To examine how the previously identified interneuron subtypes are represented across the three studies, we tested the similarity of each pair of subtypes across datasets using HVGs. This was done by alternately considering each subtype as the positive training set, and each other subtype as the test set, answering questions of the class, e.g., “How well does the Zeisel_Int1 HVG expression predict the identity of the Tasic_Smad3 subtype relative to all interneurons in the Tasic data? How well does Tasic_Smad3 HVG expression predict Zeisel_Int1 identity relative to all other interneurons in the Zeisel data?”. Each subtype ranges in incidence from 1-24% of the total number of cells within its own dataset, well within the range of the sensitivity of MetaNeighbor as established above. For each genetically-targeted interneuron type profiled by Paul et al., we find a reciprocal best match in the pre-existing data: Paul Sst-Nos1/Tasic Sst-Chodl (AUROC=1), Paul ChC/Tasic Pvalb-Cpne5 (AUROC=0.99), Paul Sst-CR/Tasic Sst-Cbln4 (AUROC=0.98), Paul Pv/Tasic Pvalb-Wt1 (AUROC=0.96), Paul Vip-CR/Tasic Vip-Chat (AUROC=0.96), Paul Vip-Cck/Tasic Vip-Sncg (AUROC=0.95) (Figure 4, all scores in Supplementary Table 3). In addition, expanding our criteria to include all reciprocal best matches, and those with AUROC scores >=0.95, we find additional matches for the Paul subtypes, as well as correspondence among five subtypes that were assessed only in the Tasic and Zeisel data: Tasic Smad3/Zeisel Int14 (AUROC=0.97), Tasic Sncg/Zeisel Int6 (AUROC=0.95), Tasic Ndnf-Car4/Zeisel Int15 (AUROC=0.95), Tasic Igtp/Zeisel Int13 (AUROC=0.94) and Tasic Ndnf-Cxcl14/Zeisel Int12 (AUROC=0.91). Overall we identified 11 subtypes representing 24/45 (53%) types (Figure 4A), with total n for each subtype ranging from 25-189 out of 1583 interneurons across all datasets (1.5-11%). Our corresponding subtypes also confirm the marker gene analysis performed by Tasic et al. (Supplementary Table 3), without requiring manual gene curation. Because we quantify the similarity among types we can prioritize matches, and use these as input to MetaNeighbor for further evaluation.

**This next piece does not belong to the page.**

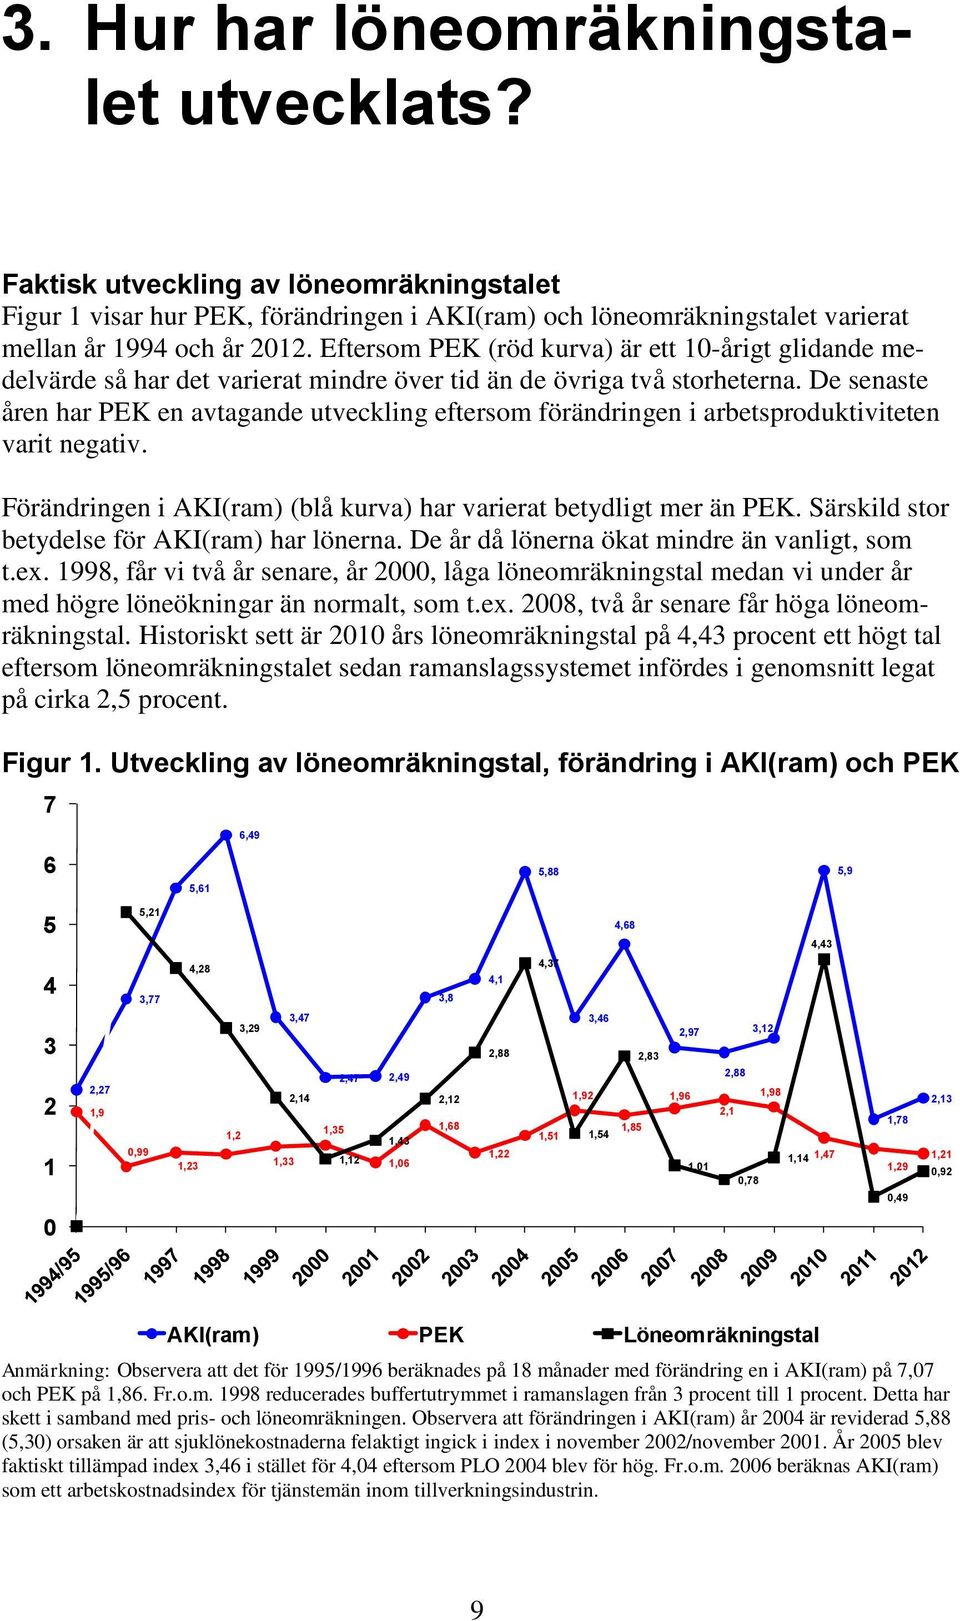 De senaste åren har PEK en avtagande utveckling eftersom förändringen i arbetsproduktiviteten varit negativ. Förändringen i AKI(ram) (blå kurva) har varierat betydligt mer än PEK.

To assess cell identification more broadly, we ran MetaNeighbor with these new across-dataset subtype labels, measuring predictive validity across all gene sets in GO (Figure 4B). The distribution of AUROC scores varied across subtypes but we found that the score from the high variability gene set was representative of overall trends, with high performing groups showing higher mean AUROC scores over many gene sets. Both the high mean AUROCs across all putative replicate subtypes, and the similarity of maximum performance suggest that distinctive gene co-expression can be observed in each subtype (max AUROC=0.92 ± 0.04). As with previous tasks, we found little difference in average AUROCs using functional gene sets compared to random sets (mean AUROCRandom=0.67 ± 0.06, mean AUROCGO=0.68 ± 0.1). Top performing GO groups for each of the 11 replicate interneuron subtypes were primarily related to neuronal function, which is expected due to the large size of these gene sets and their likelihood of expression and variation in these cells (Figure 4C).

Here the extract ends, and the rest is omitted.